> Task item: Your reply should contain the whole listing below, repeated exactly, and no images.

> Data segment:
***

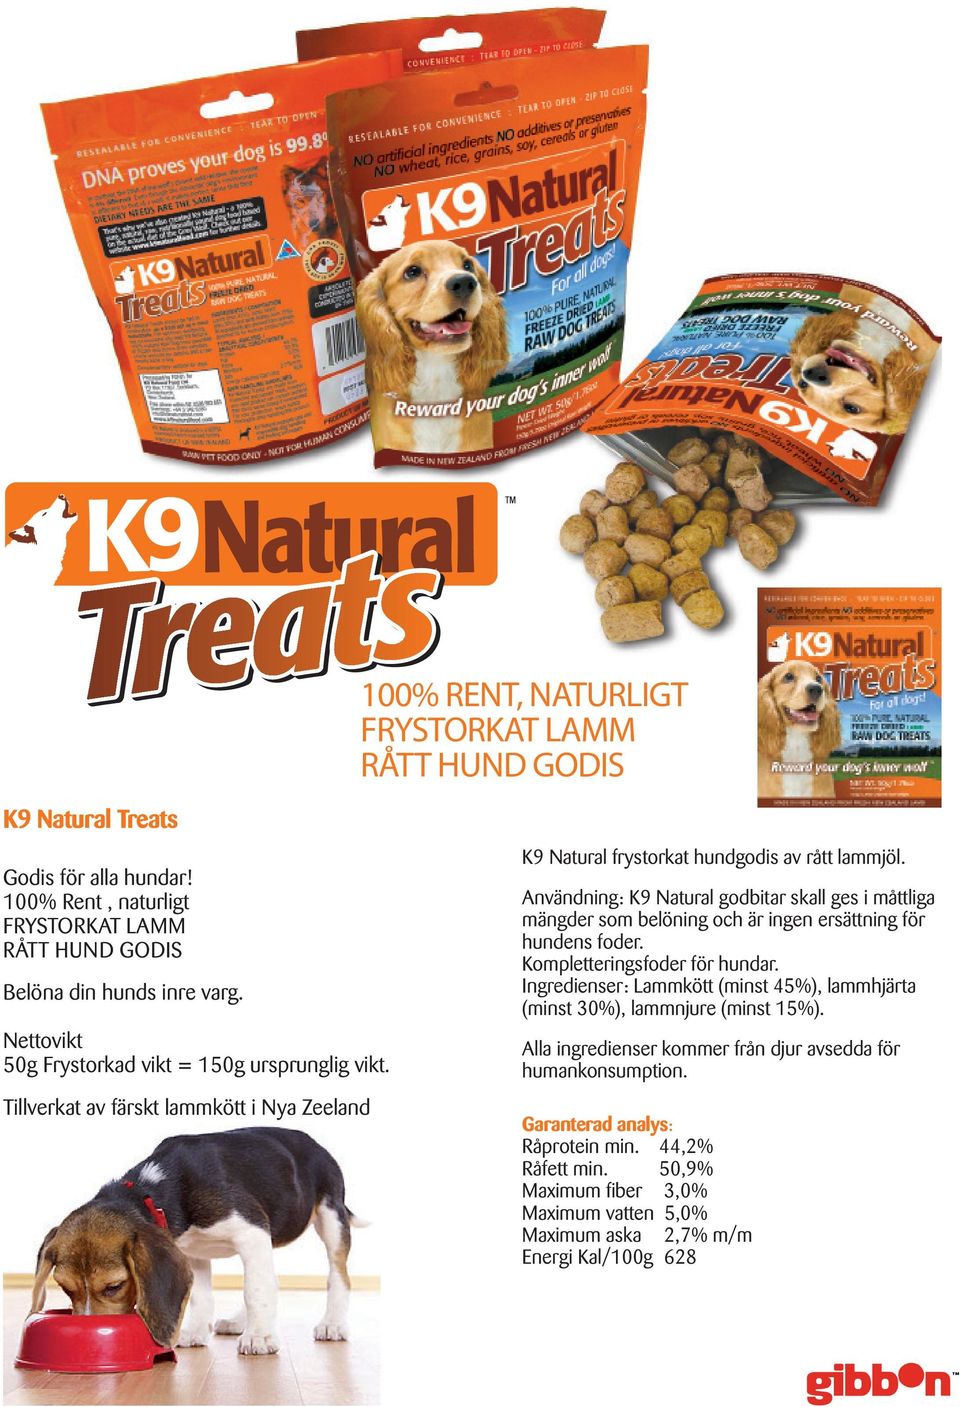 Användning: K9 Natural godbitar skall ges i måttliga mängder som belöning och är ingen ersättning för hundens foder. Kompletteringsfoder för hundar.
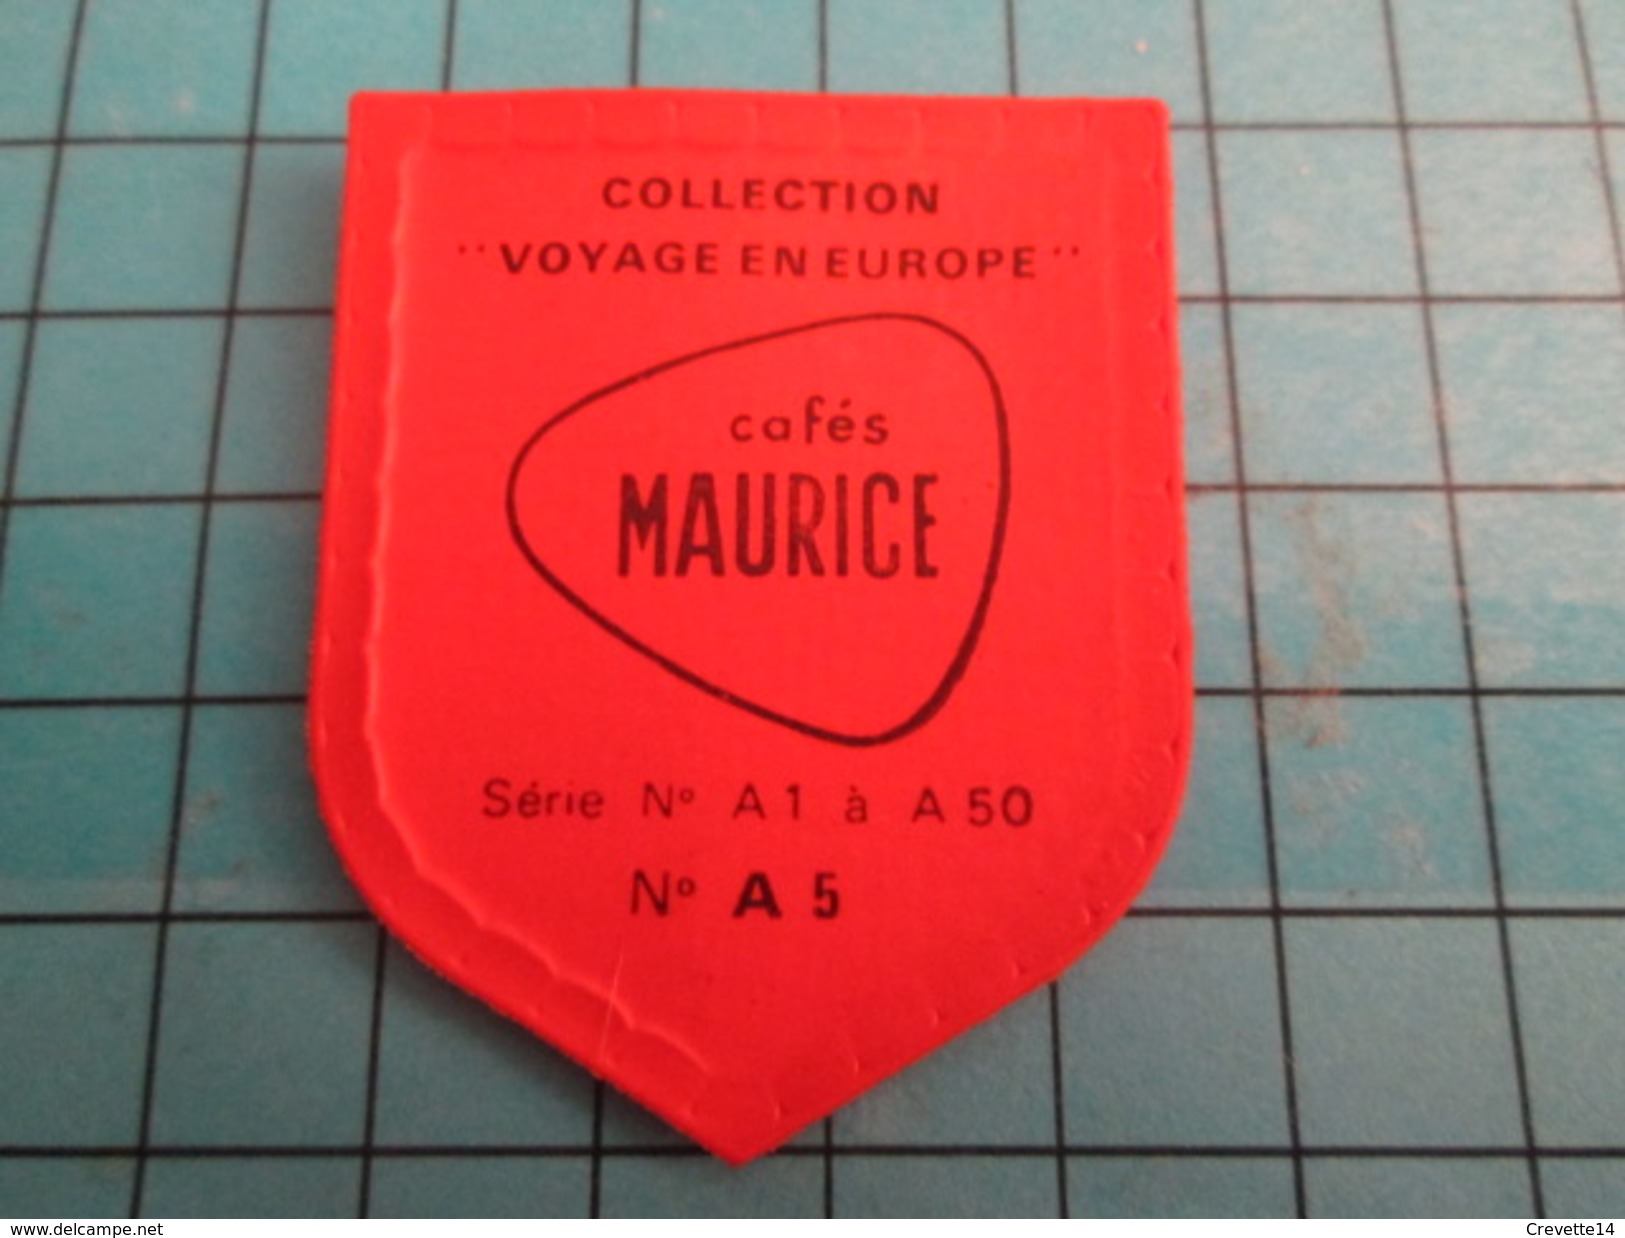 PUB 615 Ecusson Publicitaire Années 60  CAFES MAURICE N° A5 COLOGNE Collection  "VOYAGE EN EUROPE" - Magnets
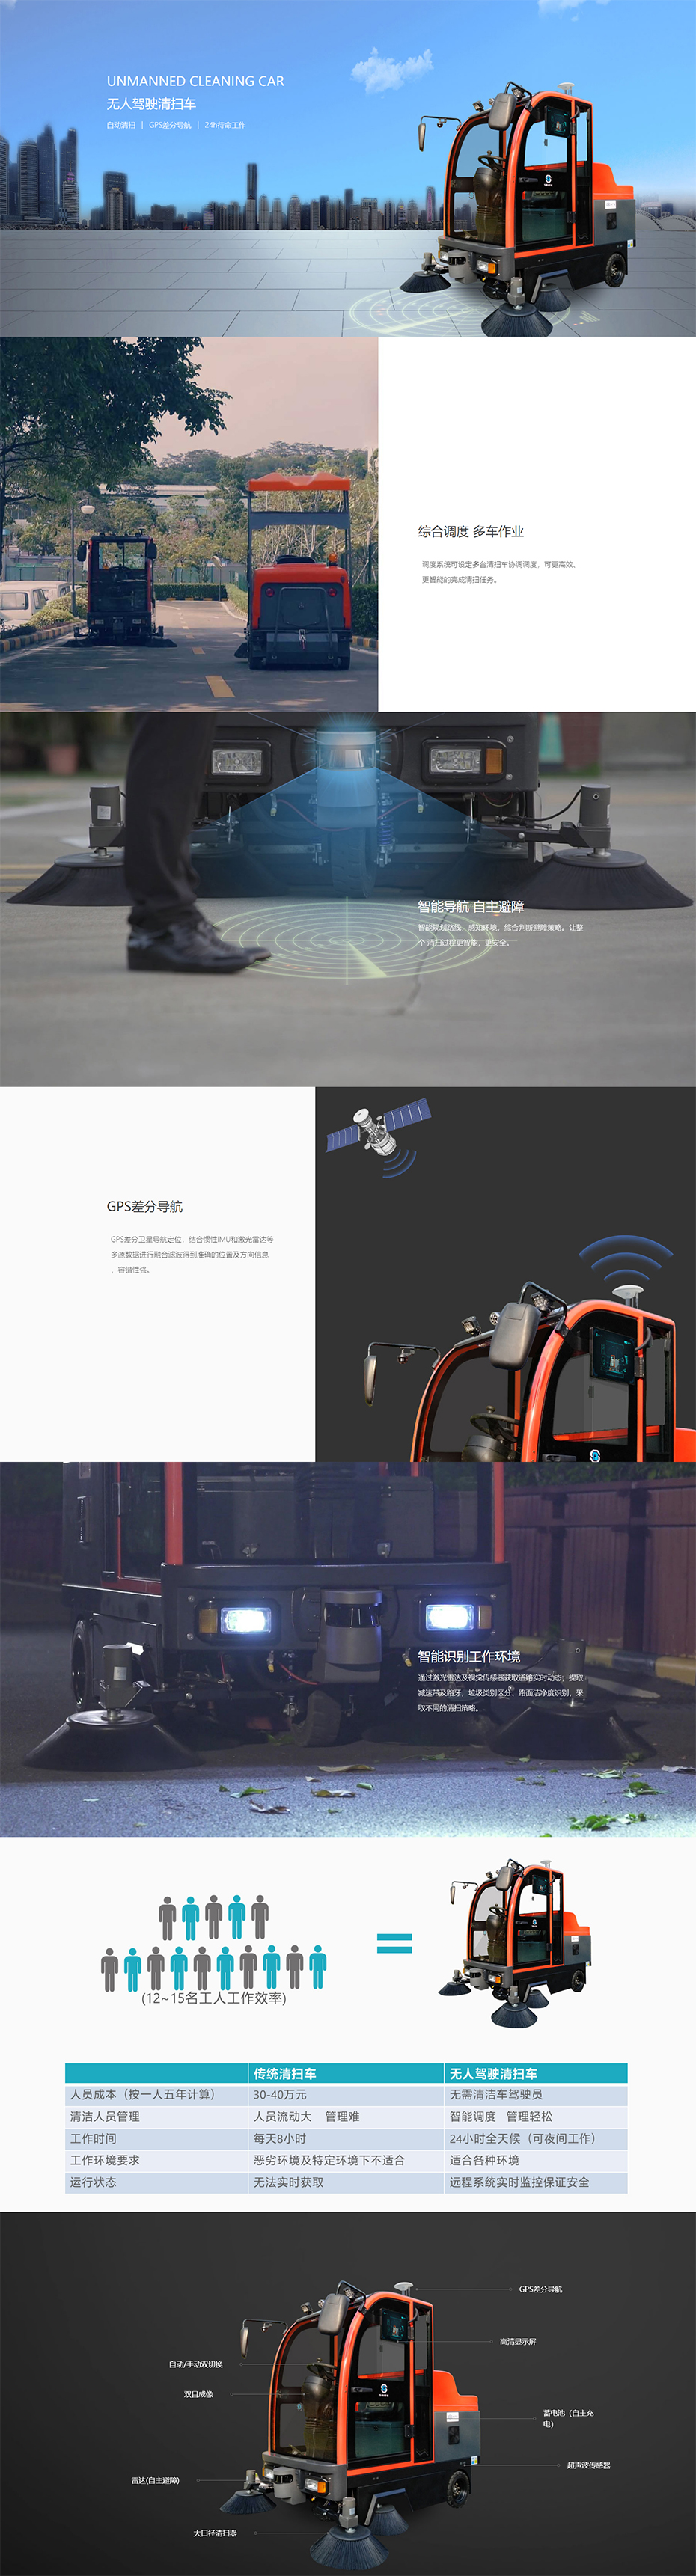 无人驾驶清扫车-广州赛特智能科技有限公司.jpg

***

> Response area:
 Användning: K9 Natural godbitar skall ges i måttliga mängder som belöning och är ingen ersättning för hundens foder. Kompletteringsfoder för hundar.
 PUB 615 Ecusson Publicitaire Années 60  CAFES MAURICE N° A5 COLOGNE Collection  "VOYAGE EN EUROPE" - Magnets
 无人驾驶清扫车-广州赛特智能科技有限公司.jpg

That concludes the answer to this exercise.